Le torticolis spasmodique est une dystonie focale et généralement idiopathique avec spasme du muscle cervical provoquant une posture et un mouvement involontaires du cou. Cela peut survenir à tout âge. La dénervation chimique des muscles hyperactifs par la toxine botulique est maintenant le traitement habituel et est efficace chez la plupart des patients.6
La dystonie peut provoquer une subluxation ou une luxation au niveau de diverses articulations. Par exemple, les articulations temporomandibulaires peuvent subir une luxation récurrente ou chronique dans une dystonie oromandibulaire idiopathique ou tardive.7-9 Angelini et aldécrit une subluxation du rachis cervical subaxial entraînant une myélopathie cervicale chez un enfant présentant une paralysie cérébrale dystonique spastique10 et Tunkel et une subluxation cervicale déjà rapportée entraînant une amélioration de la dystonie chez un patient présentant une dystonie de torsion idiopathique de longue date.11à notre connaissance, un torticolis spasmodique à l’âge adulte provoquant et se présentant comme une subluxation atlantoaxiale rotative n’a jamais été rapporté dans la littérature. Une rotation prolongée au-delà de la limite physiologique est susceptible d’être la cause de cette subluxation.

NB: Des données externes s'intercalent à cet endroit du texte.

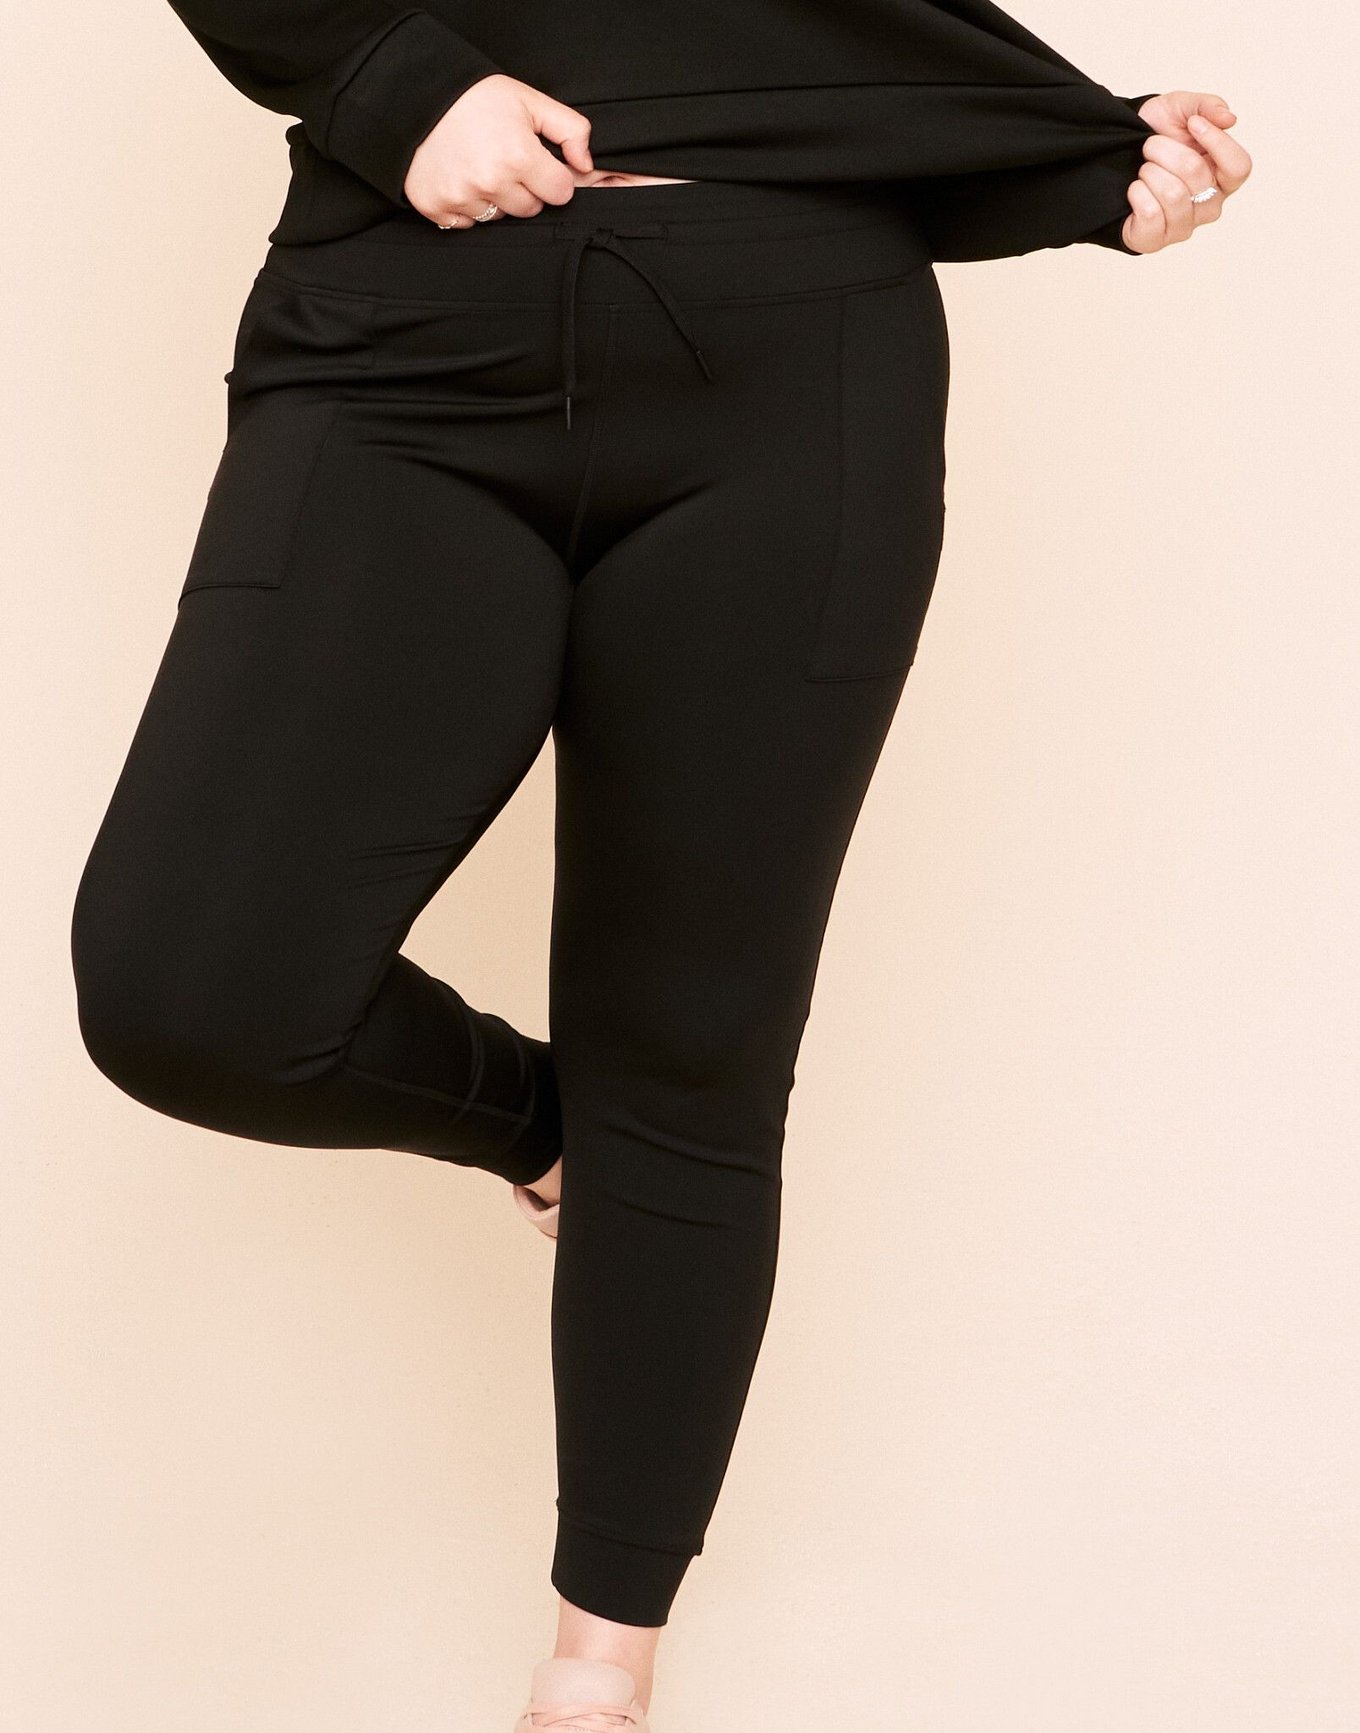 Jenesis Fitted Legging Black Plus Full length fitted legging, 1X-3X

Lorsque la subluxation atlantoaxiale apparaît après une posture involontaire prolongée du cou, un diagnostic sous-jacent de dystonie doit être envisagé. La toxine botulique ne résoudra pas la subluxation, mais était nécessaire dans ce cas pour contrôler la dystonie sous-jacente. Les bretelles et les colliers externes contrôlent rarement les mouvements puissants de la dystonie cervicale, et la toxine peut prendre quelques jours, voire plusieurs semaines à fonctionner, nous recommandons donc un traitement dès que la dystonie est diagnostiquée. En théorie, la toxine botulique pourrait améliorer l’effet des agents paralysants musculaires aigus utilisés en anesthésie ou interférer avec leur récupération. Cependant, aucune réaction de ce type n’a été rapportée en 12 ans d’expérience étendue dans le monde entier avec la toxine botulique, et il est donc probablement sans danger de donner des injections avant même une chirurgie du cou. Lorsqu’un patient présentant un torticolis spasmodique (posture variable) développe une posture fixe et suffisamment extrême, le clinicien doit envisager une investigation par radiographie simple et tomodensitométrie pour exclure la subluxation rotative, même si le spasme musculaire est intermittent.